ABOUT THIS TASK: Which lines run from the line with "遅延FX、エレキギター、弦、電子要...の再生済みの波形" to the end of the entries? Write out exactly those, leaving out the pictures.

● ● ● ●

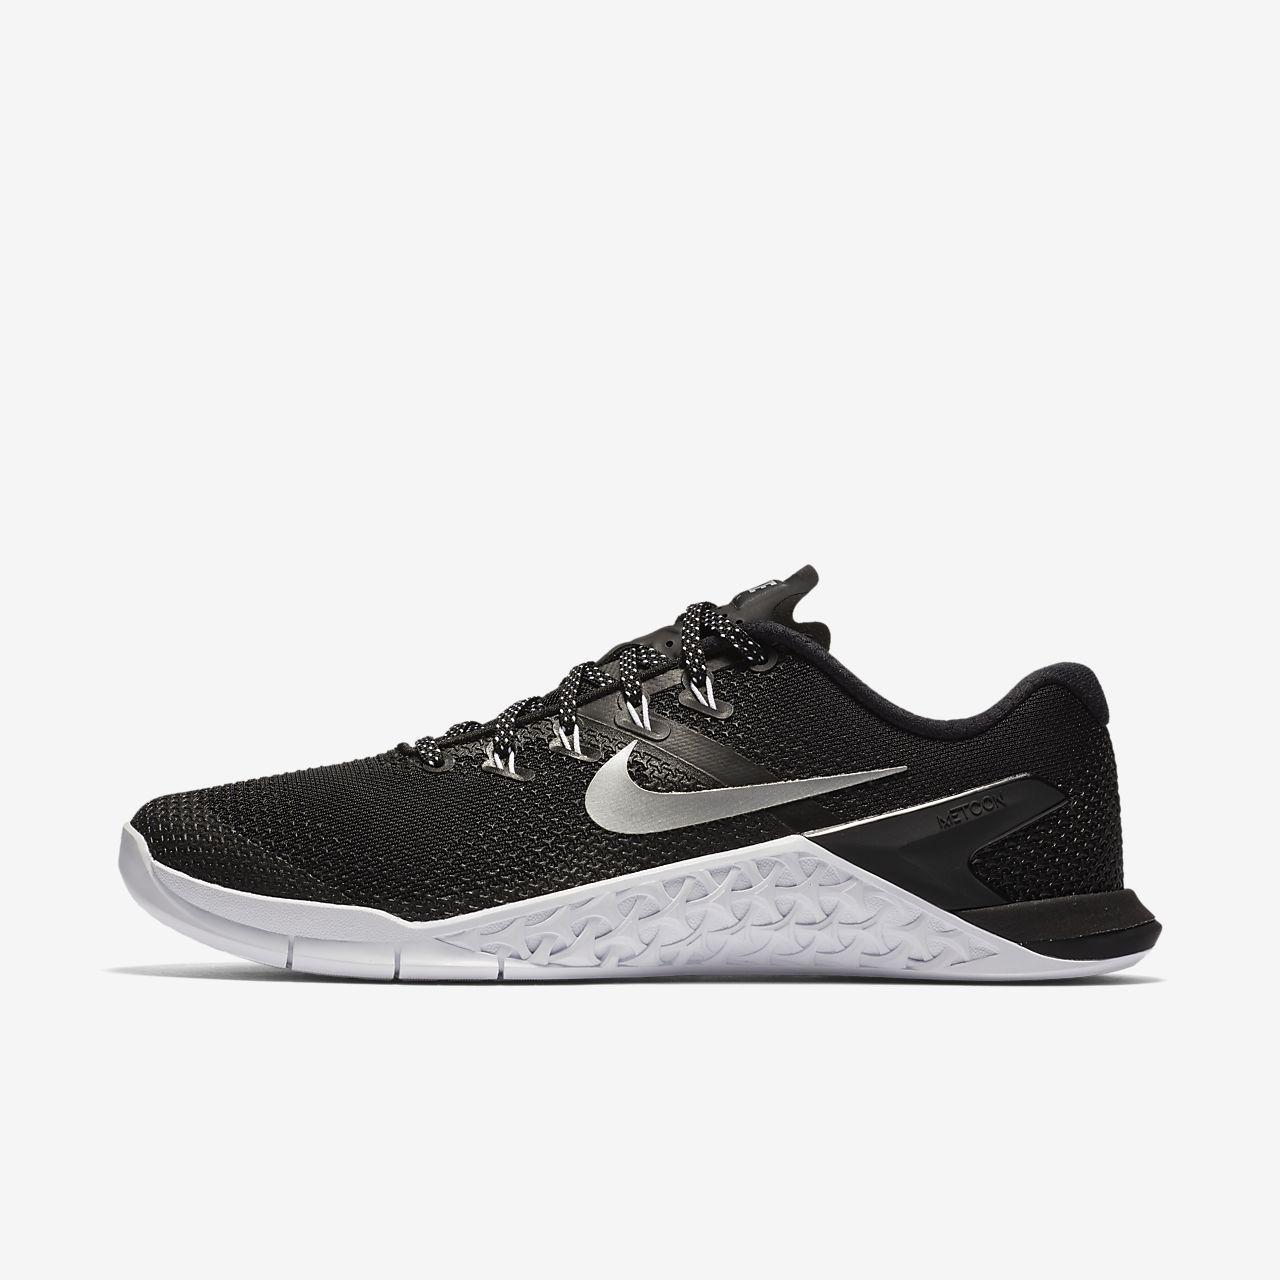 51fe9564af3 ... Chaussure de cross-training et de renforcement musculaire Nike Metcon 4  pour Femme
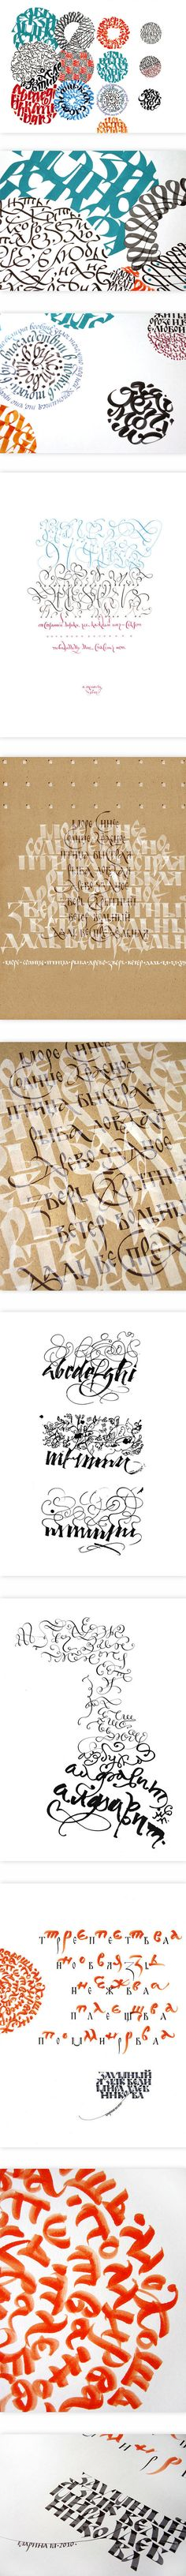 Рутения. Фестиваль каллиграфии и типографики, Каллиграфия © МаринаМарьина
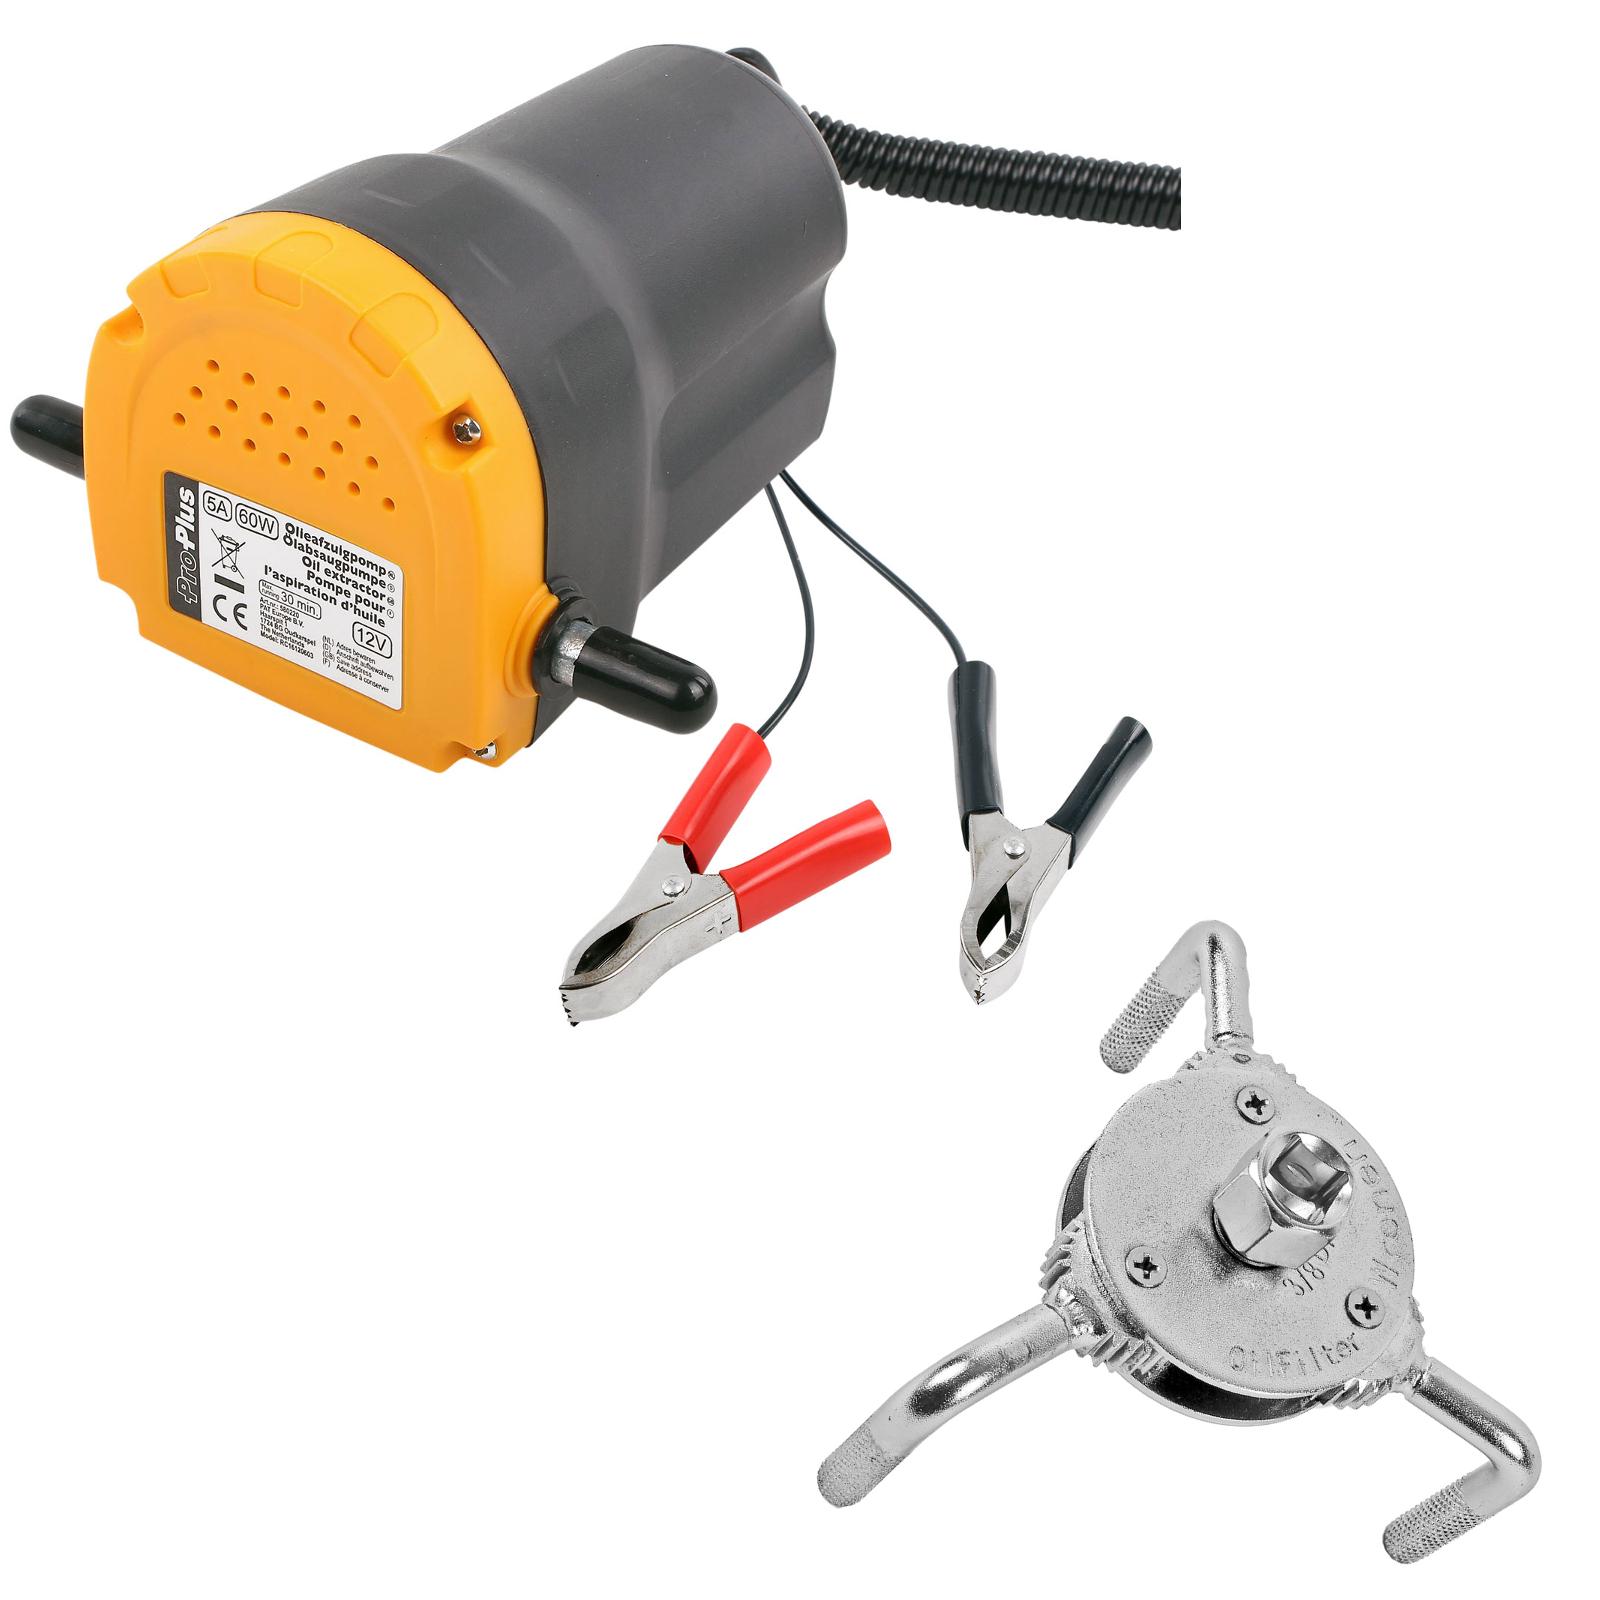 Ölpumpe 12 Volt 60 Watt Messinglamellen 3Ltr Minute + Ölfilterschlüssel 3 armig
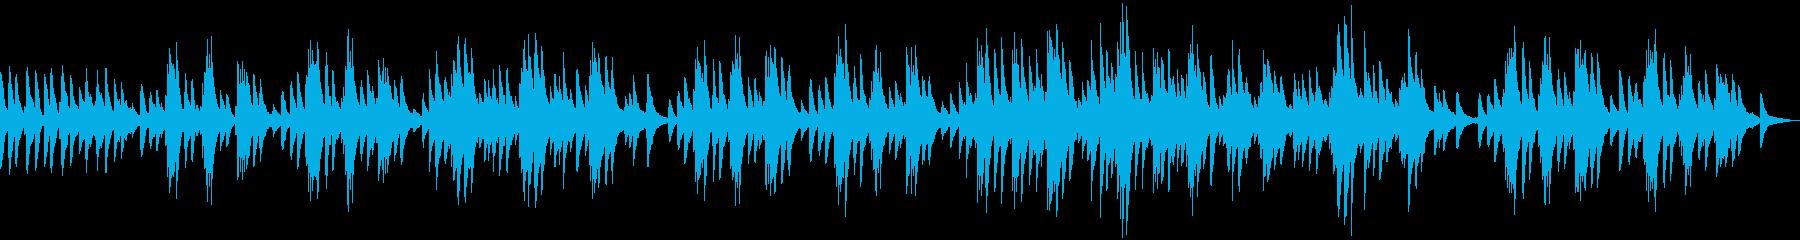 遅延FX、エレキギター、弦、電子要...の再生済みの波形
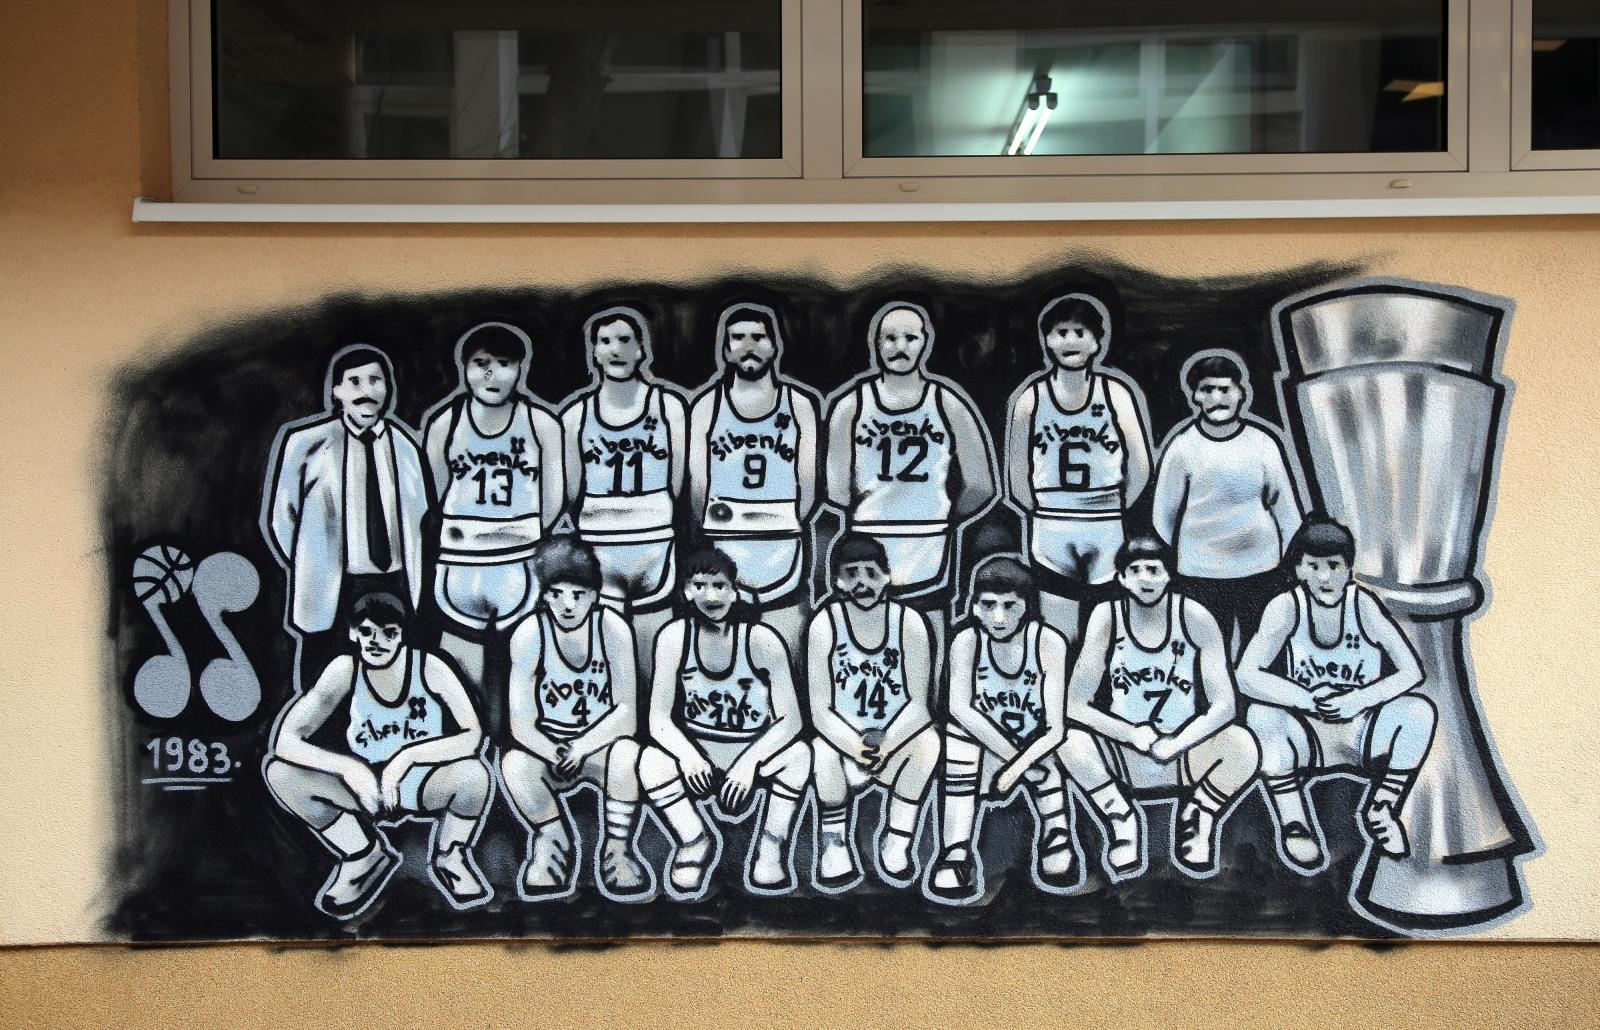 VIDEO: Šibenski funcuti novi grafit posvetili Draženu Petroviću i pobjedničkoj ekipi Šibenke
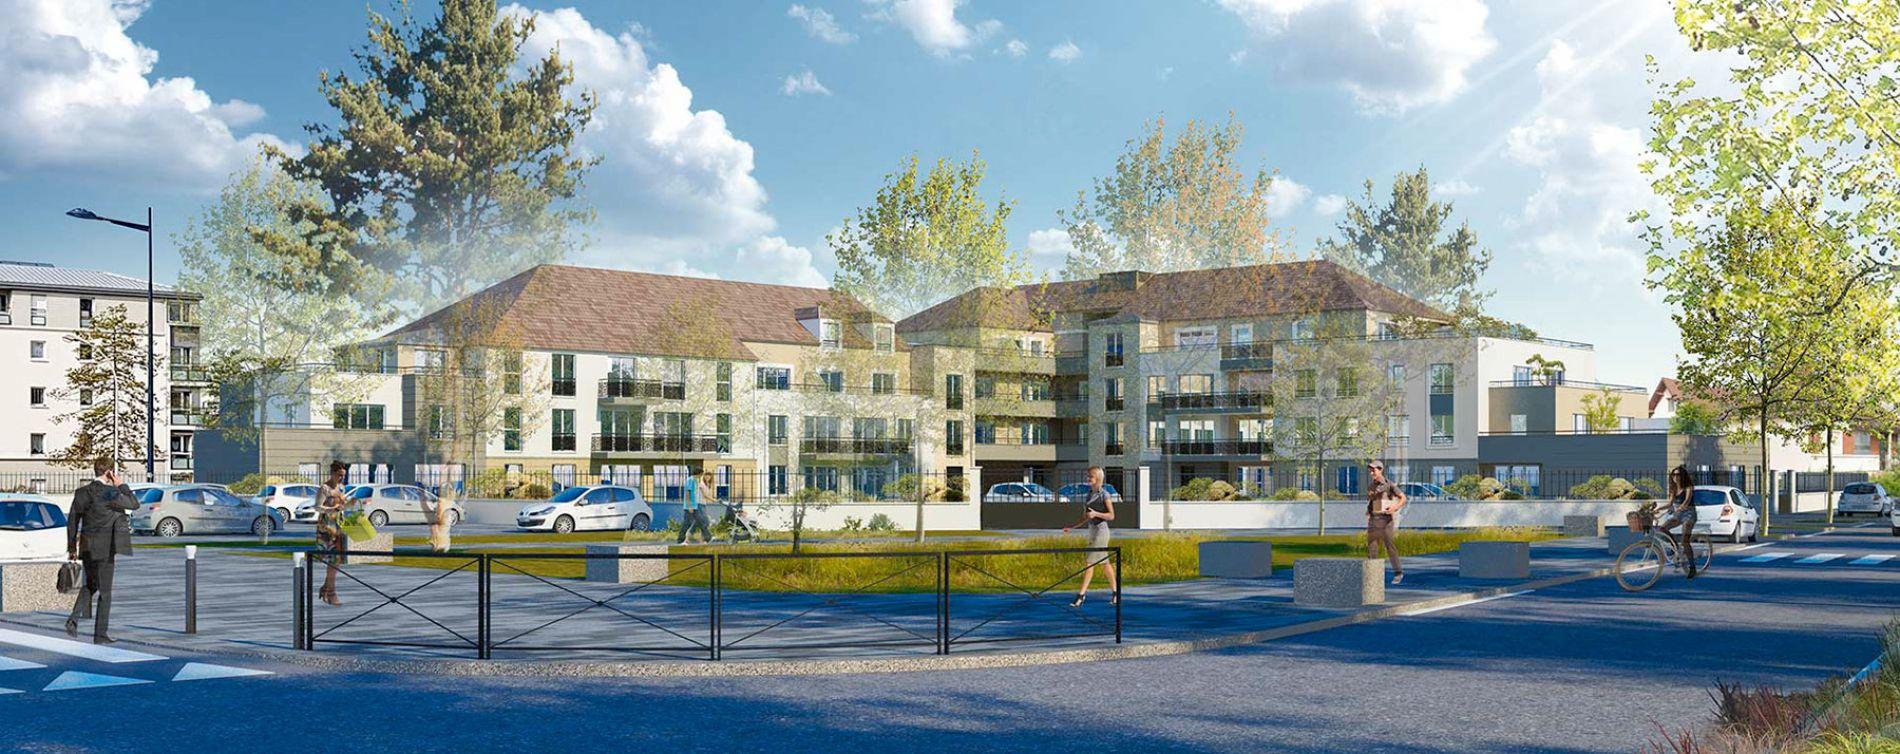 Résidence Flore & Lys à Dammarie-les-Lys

● ● ● ●

THE COMPLETED TASK:
 遅延FX、エレキギター、弦、電子要...の再生済みの波形
 VIDEO: Šibenski funcuti novi grafit posvetili Draženu Petroviću i pobjedničkoj ekipi Šibenke
 Résidence Flore & Lys à Dammarie-les-Lys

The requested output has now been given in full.